A piece of cake – even for non open-saucy types

Despite all the hullabaloo about Ubuntu and other desktop offerings, for most organisations, the main use of Linux is on servers.

Ignore all the waffle about flashy desktops and which browser is best, because the truth is, most organisations run on Windows and tons of Windows software – perhaps with a few Macs thrown in – and they can't change OS because they need those particular apps.

It's why so many organisations are still stuck with IE6.

But Linux makes a great server OS, and all the guff about GNOME versus KDE and so on becomes completely irrelevant. The vast majority of Linux boxes have no graphical interface at all – they're headless servers, silently slaving away in corners of computer rooms or in racks in datacentres. In fact, there's a very good chance that the router connecting you to the Internet right now is a Linux box, and pretty much anyone can configure one of those these days. You point a web browser at its IP address, fill in a few boxes, and you're good to go.

And although they don't get much coverage, there are a handful of Linux distros that make setting up a server as easy as that. This is the big secret that even most open-saucy types don't know: that if you choose the right product and it fits your requirements, successfully deploying and running a Linux server is a piece of cake.

Easy to use, but you have to find them first

These distros are pretty obscure, though. You'll probably never have heard of any of them. Forget the big-name ones such as SUSE Linux Enterprise Server (SLES) or Red Hat Enterprise Linux (RHEL). All the big players shamefully neglect the user-interface side of their server offerings. Their "server distributions" are no more a server OS than a box of Lego is a toy car.

SLES and RHEL are just bags of components for skilled sysadmins to construct a server to fulfil some task. First, you install the OS, then on top of that, you install the server applications – say Apache to serve web pages or whatever – and hand-write the config files to make it do what you need. Then you modify more config files and settings to lock down the machine's security, possibly install some monitoring tools and deploy it. It's a complex and elaborate task and the various tools to remotely provision machines or push ready-made config files onto new servers don't save the work, they merely move it elsewhere.

Even a handy shortcut such as Webmin only simplifies things a bit – you still need to know about what services to install and how to configure them. Webmin saves you editing config files yourself, but you still need to know what needs to go into those files.

As such, Linux might be an excellent server platform with robust enterprise-quality apps, but you need to wheel in the black T-shirt brigade to build and maintain your servers. Most businesses run Windows, meaning that Windows techies are far more plentiful, a lot cheaper, and more easily findable. And replaceable.

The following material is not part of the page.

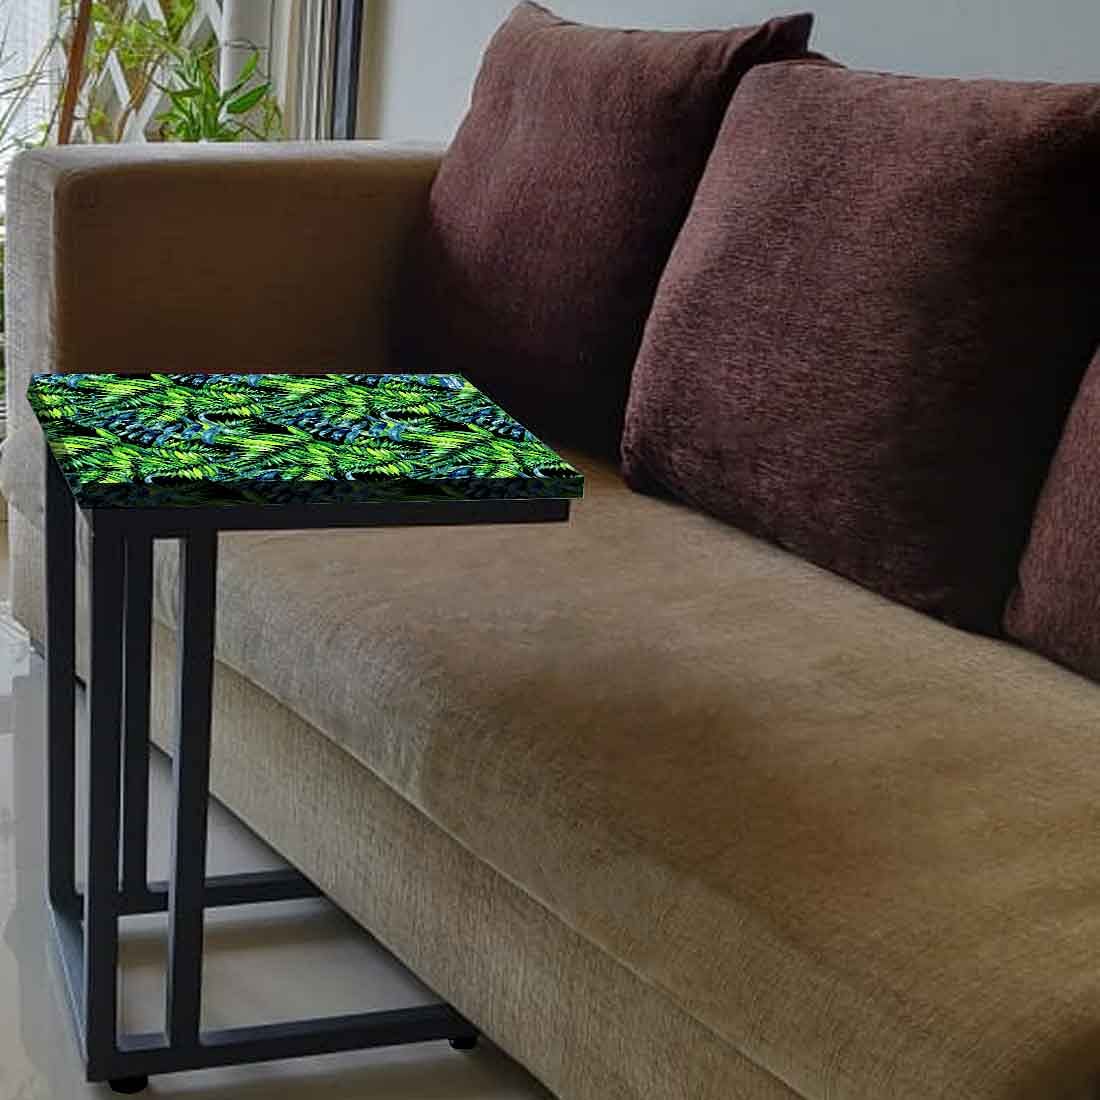 Latest Bedside C Table - Green Black Leaf Nutcase

So long as you have a fairly ordinary list of requirements – file sharing (so that people can keep their work on a shared network drive), email (so that everyone has a company email address), printer sharing (so you don't need one printer per desk), possibly hosting a company web page, and so on – then an all-in-one server distro will sort you out just fine. Getting it up and running is no more than an afternoon's work for any reasonably competent techie with basic networking and general technical knowledge.

The contenders and the big bruiser lurking in the wings

For about five hundred quid, Microsoft will of course be very happy to sell you Windows Small Business Server with a sumptuous five whole client licences. An extra five seats will be another couple of hundred quid, thanks very much, and it grows from there. For 20 seats, SBS can cost well over £1,000, more than even a quite highly-specced purpose-built server machine. Also, SBS, as it is not-very-affectionately known, is quite a complex bit of software and its administration has its own specialist skill-set: it is not the same as administering ordinary Exchange Server on vanilla Windows Server.

Which is where our specialist Linux distros comes into play. There are three main contenders: SME Server, ClearOS and Zentyal.